Walleye - Walleye fishing has been fair in Ohio waters of the central basin. The best areas were the northern end of the sandbar off Lorain, seven to nine miles north-northeast of Ashtabula in 68 to 70 feet of water, and seven to eight miles north-northeast of Fairport Harbor in 65 to 70 feet of water. Trolling 30 to 50 feet down with spoons or crawler harnesses, using planer boards, jet divers, or dipsy divers have produced the best catches. Fish have ranged from 15 to 24 inches.

Yellow Perch - Yellow perch fishing has been excellent four miles north of Wildwood State Park and Euclid in 51 feet of water, three to four miles north of Ashtabula in 52 feet of water, and two to five miles north between Eastlake and Fairport Harbor in 44 to 60 feet of water. A perch spreader tipped with shiners is the most popular set-up. Fish have ranged from seven to 13 inches.

Steelhead - Steelhead are starting to be caught by casting off of the Fairport Harbor pier, the Chagrin River and Euclid Creek with small spoons or spinners. Fish have ranged from 16 to 28 inches. 

To view the predicted weather forecast for Lake Erie visit: http://weather.noaa.gov/cgi-bin/fmtbltn.pl?file=forecasts/marine/great_lakes/le/lez160.txt

OHIO RIVER
Gallia, Lawrence, Meigs, and Scioto counties - River conditions are clear and normal to low at about 71 degrees Fahrenheit.

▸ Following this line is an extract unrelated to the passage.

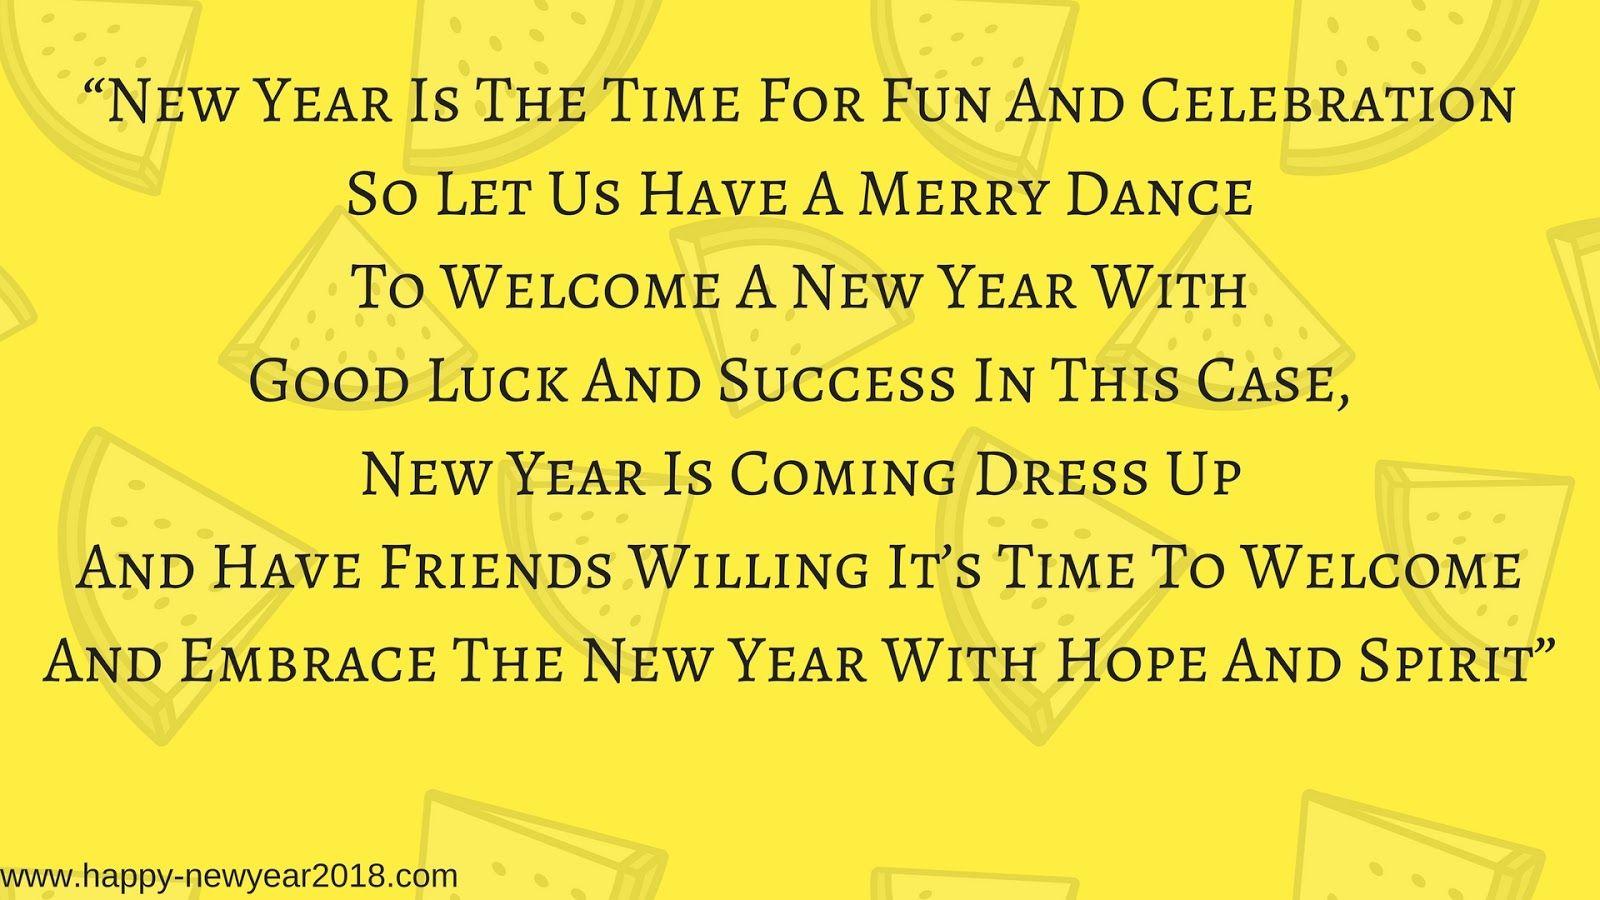 Best Happy New Year 2018 Image, Wishes, Quotes, Greetings

Some largemouth bass have been caught in the middle and lower pool of the Greenup tailwaters. Try fishing in embayments, near stream confluences, and near warmwater discharges. Spinner baits, jig/pork combinations, and crankbaits are good lures to try. In the R.C. Byrd pool, warmwater discharges and stream confluences in the upper pool as well as the Racine tailwaters are good areas to fish for sauger - try using twister tail jigs and minnows. Sauger and hybrid striped bass have also been caught on big creek chubs or any deep-diving bait that resemble minnows. For hybrid striped bass and channel catfish stay in any of the tailwaters. Channel cats are being caught on cut bait, live shad, chicken livers and worms.


----------